Similar to "random.shuffle()", but ensures that all elements will move.
"""
n = random.randrange(1, len(lst))
d = collections.deque(lst)
d.rotate(n)
return d
def alea_couple(members):
members = random.sample(members, k=len(members)) # Copy and shuffle in one
pairs = random_rotation(members)
return list(zip(members, pairs))
示例输出:
>>> my_members = ["member1", "member2", "member3", "member4"]
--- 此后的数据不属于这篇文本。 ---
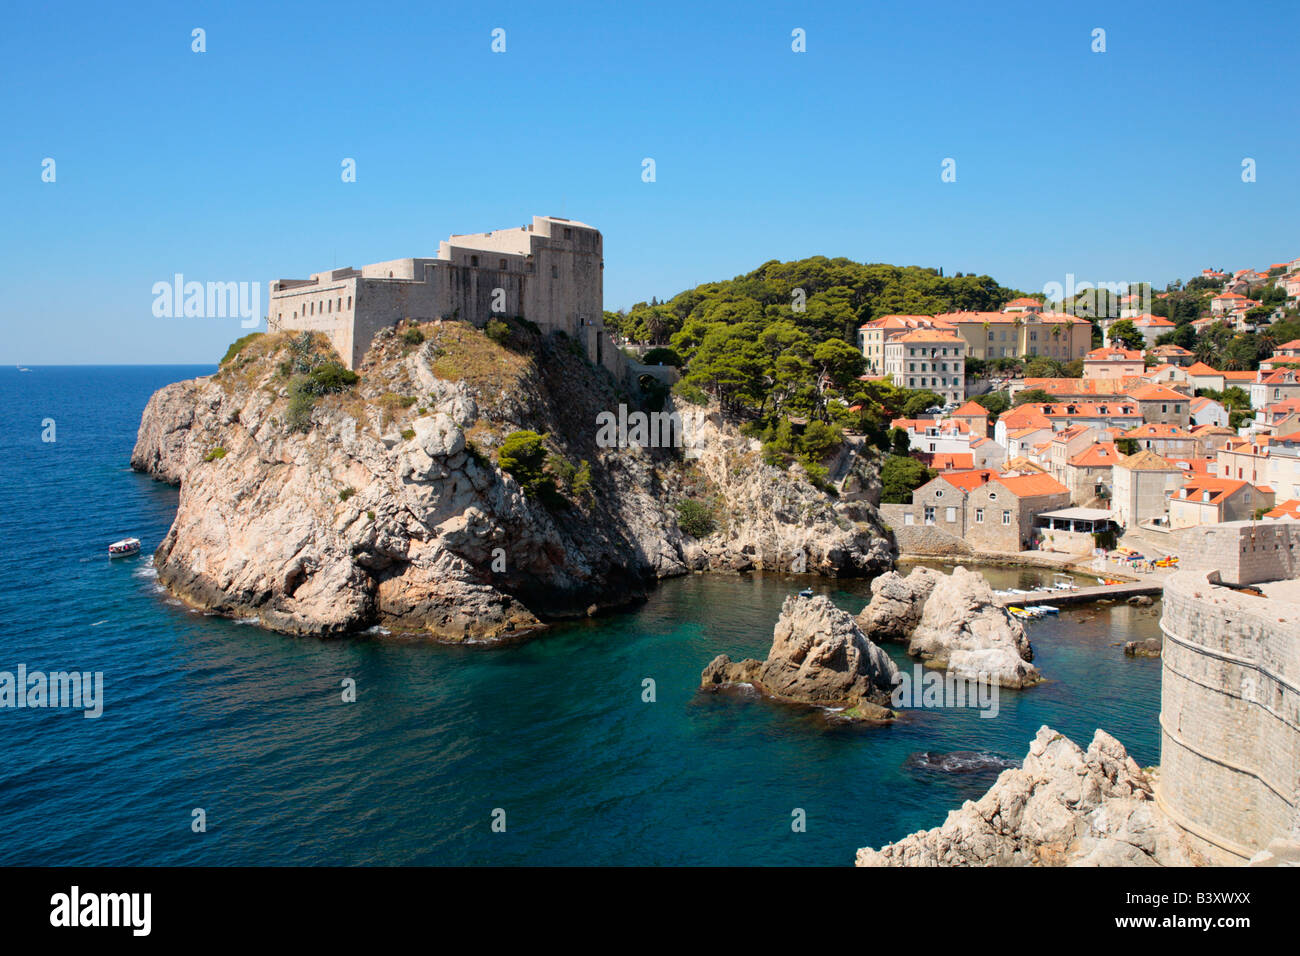 Fort St. Lawrence beside the old town of Dubrovnik, Republic of Croatia, Eastern Europe Stock Photo

>>> alea_couple(my_members)
[('member4', 'member3'),
('member1', 'member4'),
('member2', 'member1'),
('member3', 'member2')]
>>> alea_couple(my_members)
[('member3', 'member4'),
('member2', 'member1'),
('member4', 'member3'),
('member1', 'member2')]
来自the docs的注释:
even for small
len(x), the total number of permutations ofxcan quickly grow larger than the period of most random number generators. This implies that most permutations of a long sequence can never be generated. For example, a sequence of length 2080 is the largest that can fit within the period of the Mersenne Twister random number generator.